Scheitern wird eine neue Ordnung des Politischen aber auch, wenn es nicht gelingt, in den verschiedenen aufgezählten Bereichen mutig Reformen einzuleiten. Der Stand von Wissenschaft und Technik, von globaler Vernetzung und weltweitem Wettbewerb ist nicht wieder rückführbar auf einfache Verhältnisse. Es macht keinen Sinn, dagegen anzurennen, es macht Sinn, die darin liegenden Chancen zu nutzen.
Der notwendige Umbau des Staates, der Wirtschaft, der sozialen Sicherung, der Bildung und der Gesellschaft wird zweifellos große Kraftanstrengung erfordern, von uns allen.

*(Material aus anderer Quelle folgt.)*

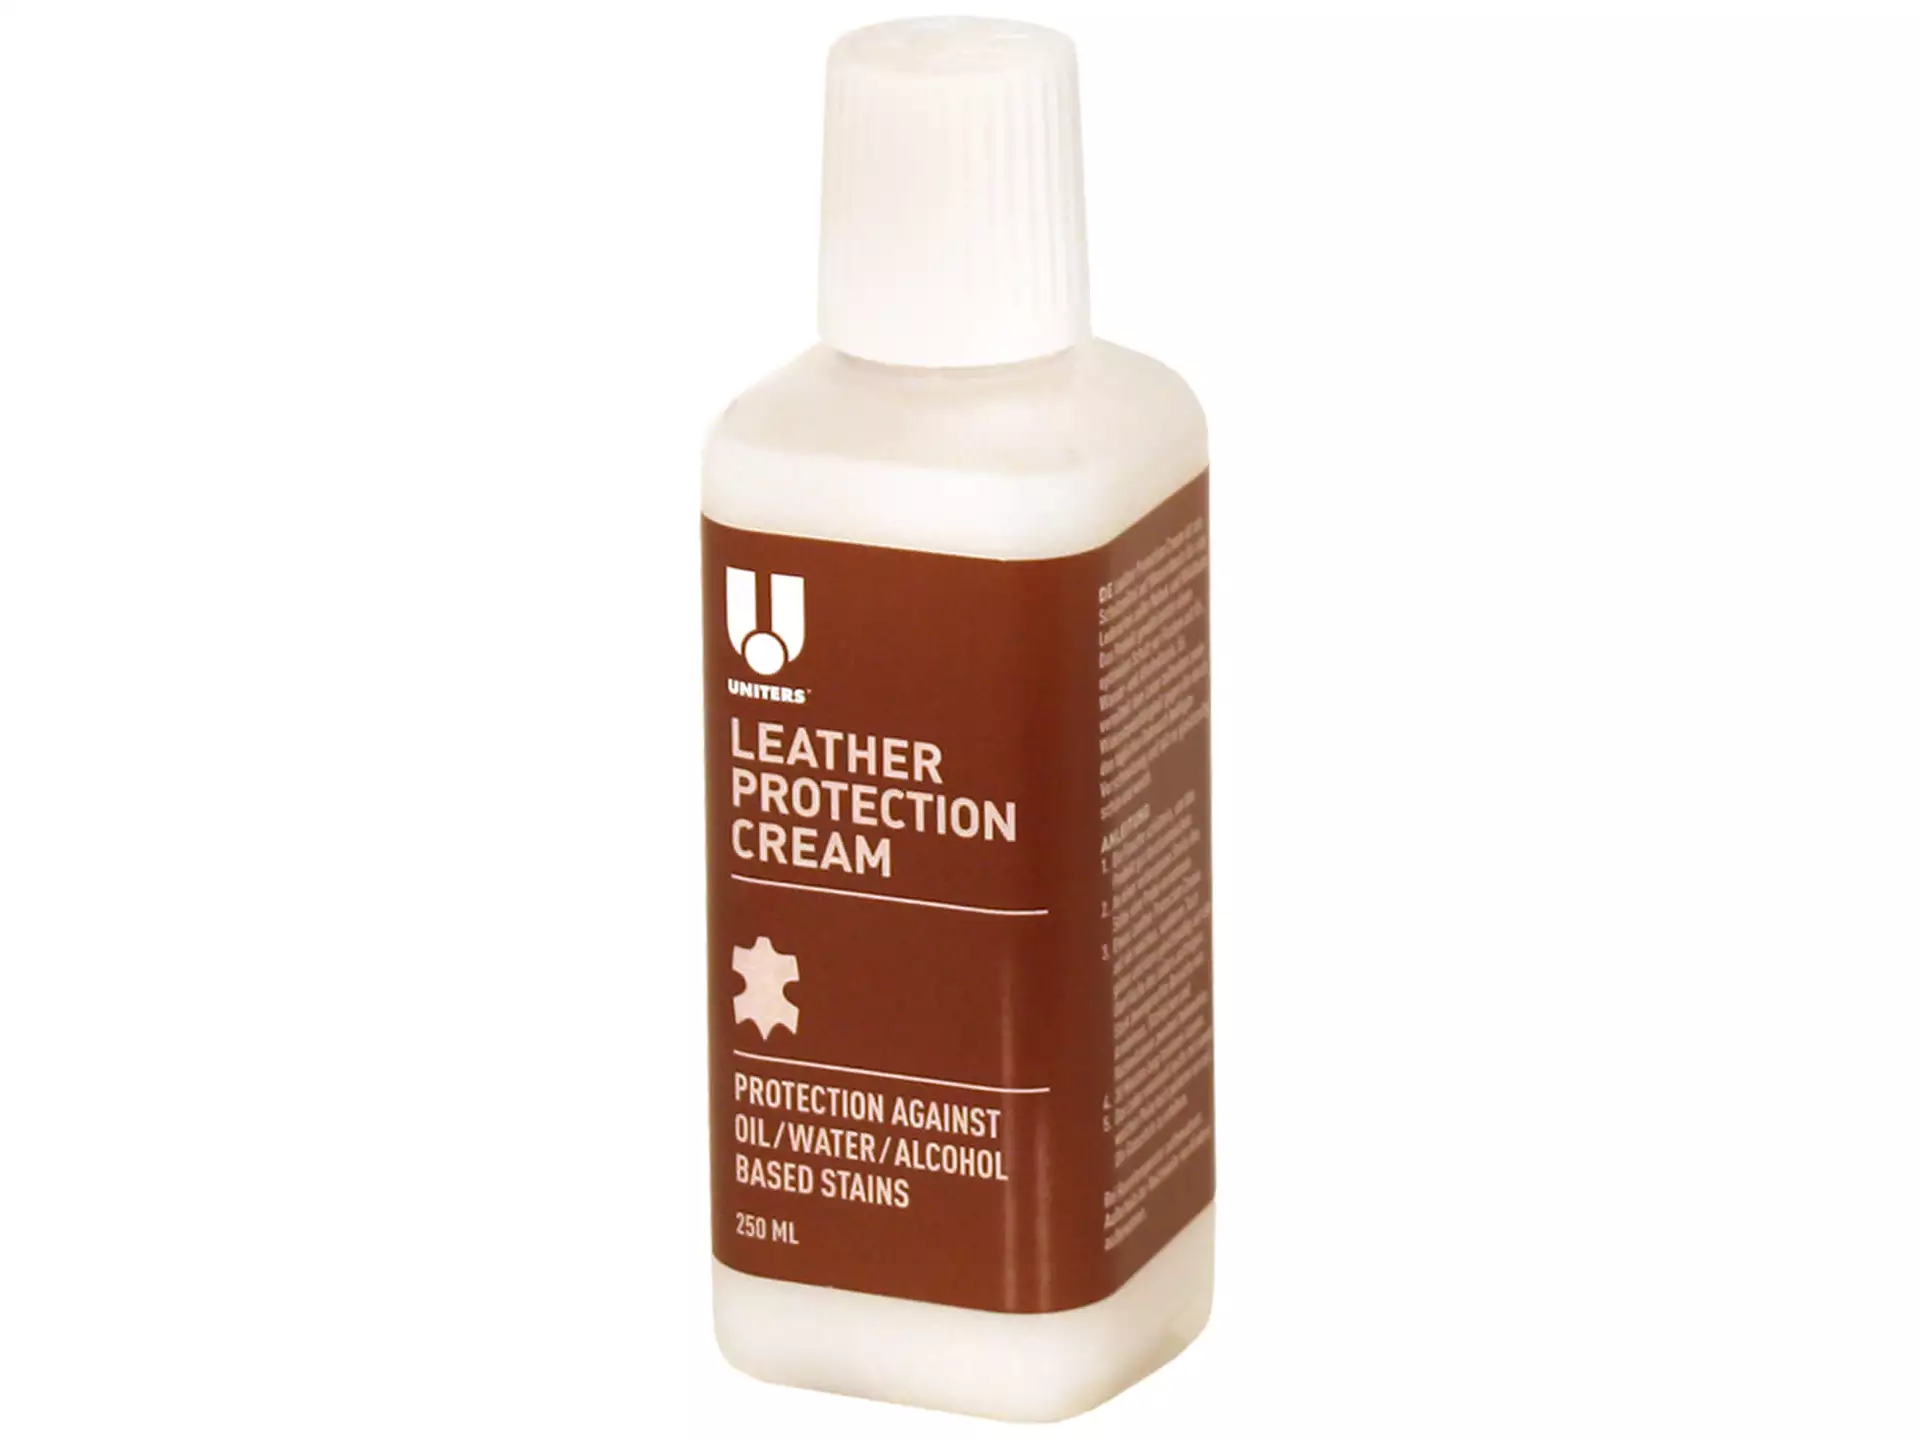 Lederpflegeprodukt Leather Protection Cream

Die neuen Spielräume der Freiheit und die künftigen Wohlstandsgewinne sind aber nicht ohne größere Reformbereitschaft und Anstrengung im Denken wie im Handeln zu haben.
Größere Bereitschaft zu pragmatischem Risiko, zu Experimentierlust und Wagemut sind gefordert. Ebenso stärkere Teilhabe und Teilnahme, Ehrenamt und Freiwilligenengagement. Es geht um neue geistige wie materielle Kraftanstrengungen in Hinblick auf die Stärkung der Europäische Union und der Sicherung von Friede, Zivilität und Recht in der beginnenden Weltgesellschaft.
Anrede, gegenüber aller fundamentalistischen und terroristischen Bedrohung beharren wir auf einer Politik aus dem Geist der Freiheit, des Rechts und des Friedens. Gerade dies lässt uns Deutschland als weltoffene Heimat empfinden. Es gibt kein "Ende der Geschichte". Der Horizont ist offen. Es liegt an unserer Bereitschaft, ob wir aufbrechen zum Neuen, in Deutschland, in Europa, in der Welt.